Chet Strange para The New York Times
Chet Strange para The New York Times

Antigo abrigo nuclear é convertido em residência de luxo

Originalmente, local abrigava mísseis Atlas-F, equipados com ogivas nucleares centenas de vezes mais poderosas do que a bomba usada em Nagasaki

Julie Turkewitz, The New York Times

06 de outubro de 2019 | 06h11

61 METROS ABAIXO DA TERRA, KANSAS - Em sua apresentação aos possíveis compradores, Larry Hall enaltece o pé-direito alto de seus apartamentos e as espaçosas salas de estar. Depois, vêm a piscina, as saunas e as salas de cinema. Mas o que realmente diferencia seu empreendimento dos demais é a capacidade de fazer com que seus habitantes sobrevivam ao apocalipse. Hall converteu um antigo abrigo de mísseis nucleares em um luxuoso apartamento instalado 15 andares abaixo da superfície terrestre. Ele é o líder entre um novo grupo de empreendedores imobiliários: os capitalistas do fim do mundo.

Há gerações, os americanos têm se preparado para o colapso da sociedade. Construíram abrigos contra a radiação durante a Guerra Fria e porões repletos de provisões para se preparar para o bug do milênio. Nos anos mais recentes, porém, a prevenção personalizada de desastres se tornou um negócio multimilionário, alimentado por uma torrente de ameaças aparentemente infinita - da mudança climática ao terrorismo.

Construtores de abrigos consideram o interior dos Estados Unidos seu principal mercado. Durante a Guerra Fria, os militares gastaram bilhões de dólares construindo ogivas nucleares e escondendo-as em compartimentos subterrâneos por todo o país, frequentemente em Kansas, Nebraska, Oklahoma e Novo México. Esvaziados de suas bombas, os esconderijos estão agora à venda, e empreendedores civis os estão comprando e transformando em propriedades.

Os 12 apartamentos do Survival Condo (Condomínio da Sobrevivência, em tradução livre) de Hall custam a partir de US$ 1,3 milhão. Ele disse que, quando começou a oferecê-los, em 2011, todas as unidades eram vendidas em poucos meses. Para Hall, isso é uma vocação, e não apenas um negócio. “Estou salvando vidas”, afirmou ele.

Mas John Hoopes, professor de antropologia da Universidade do Kansas, acusa os investidores do fim do mundo de vender uma “fantasia hipermasculina” na qual o perigo estaria próximo e poucos teriam a oportunidade de salvar a si mesmos e suas famílias - se estiverem preparados. “Medo vende mais ainda do que sexo”.

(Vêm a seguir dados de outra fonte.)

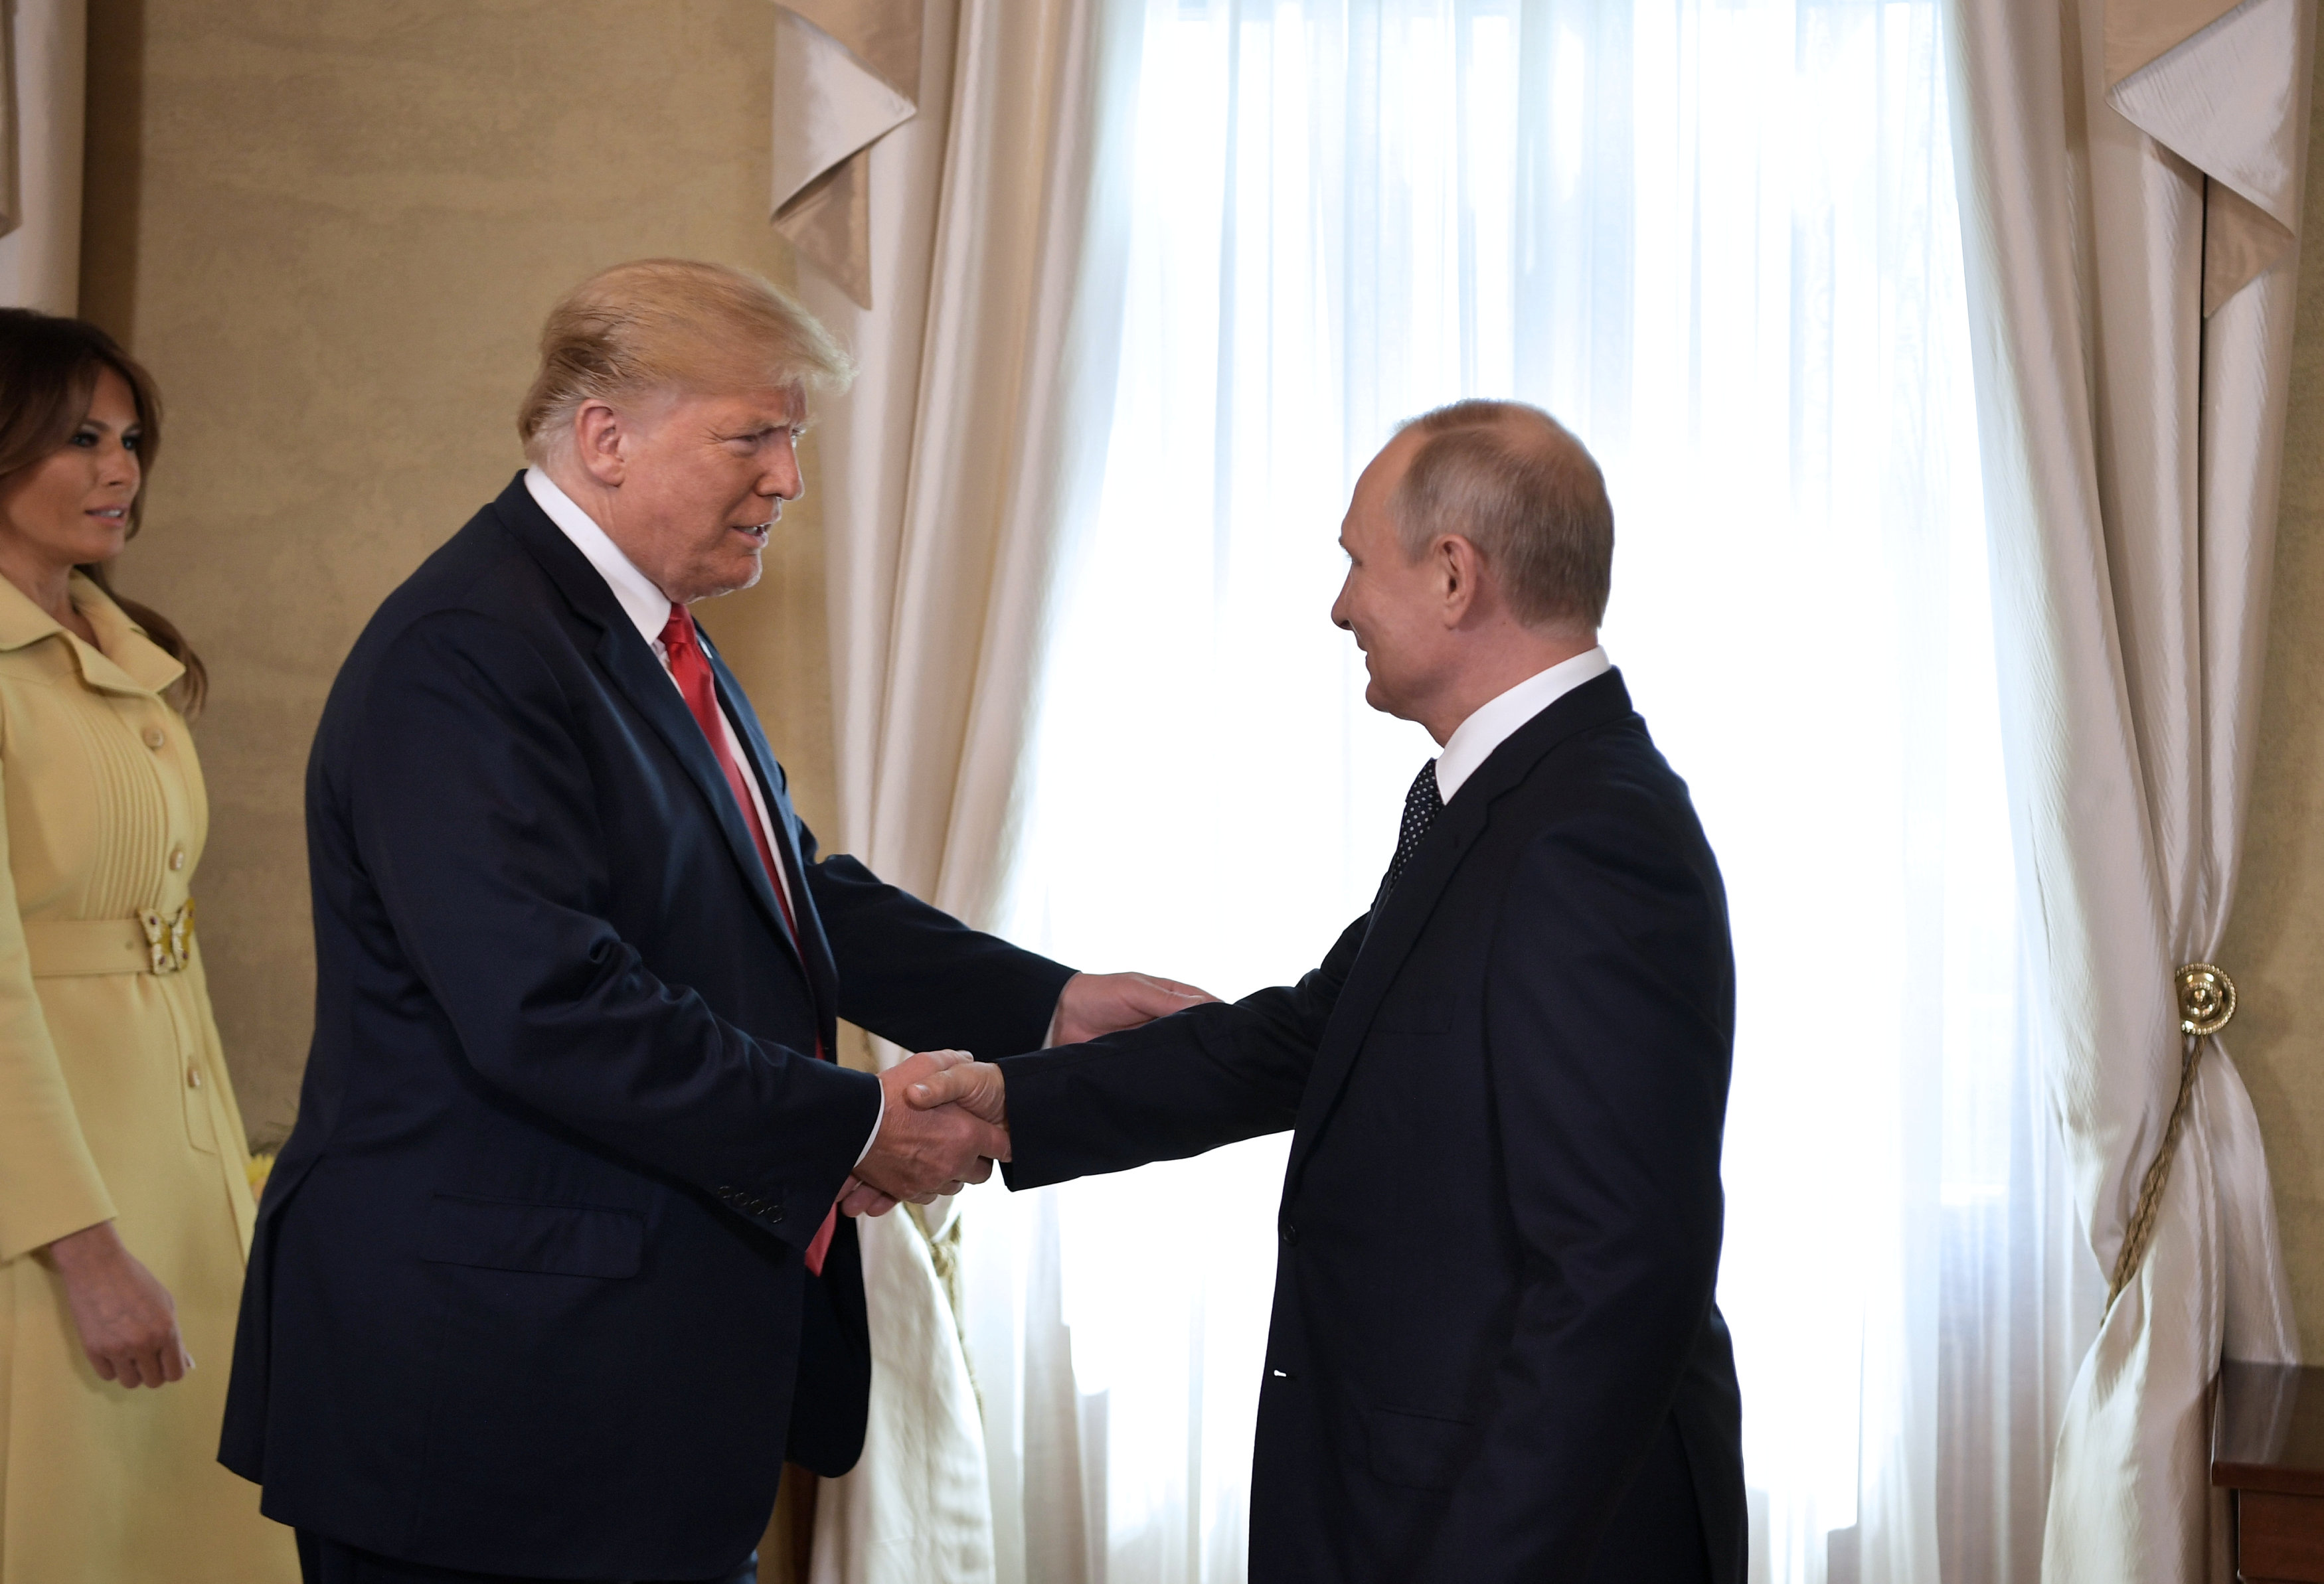 الرئيس الأميركي دونالد ترامب إلى جانب الرئيس الروسي فلاديمير بوتين في قمة هلسنكي. 16 يوليو 2018. اليكسي نيكولسكي/ رويترز

Kiki Bandilla, 52 anos, uma corretora de seguros de saúde do Colorado, se distanciou das pessoas “ansiosas”, para quem “o céu está caindo” o tempo todo. Ela descreveu sua adesão a uma comunidade de sobrevivência chamada Fortitude Ranch como uma apólice de seguro. “Não gosto de depender de nada”, afirmou ela.

O Survival Condo cobra taxas de condomínio mensais de US$ 2,6 mil. Os visitantes entram por uma cúpula de concreto. Abaixo ficam os apartamentos, com telas digitais no lugar das janelas, a piscina, um parque para cachorros, um arsenal e os salões de armazenamento de comida. Hall equipou o edifício com cinco filtros de ar e cavou um poço até um aquífero local. Instalou geradores a diesel, uma turbina eólica e um painel de baterias solares, tudo para a reserva de energia.

Originalmente, o local abrigava mísseis Atlas-F, equipados com ogivas nucleares centenas de vezes mais poderosas do que a bomba usada em Nagasaki. O compartimento, cuja construção custou milhões de dólares aos militares, foi vendido em 1967 por US$ 3.030 e passou por vários donos antes de chegar às mãos de Hall, que gastou US$ 20 milhões para reformá-lo.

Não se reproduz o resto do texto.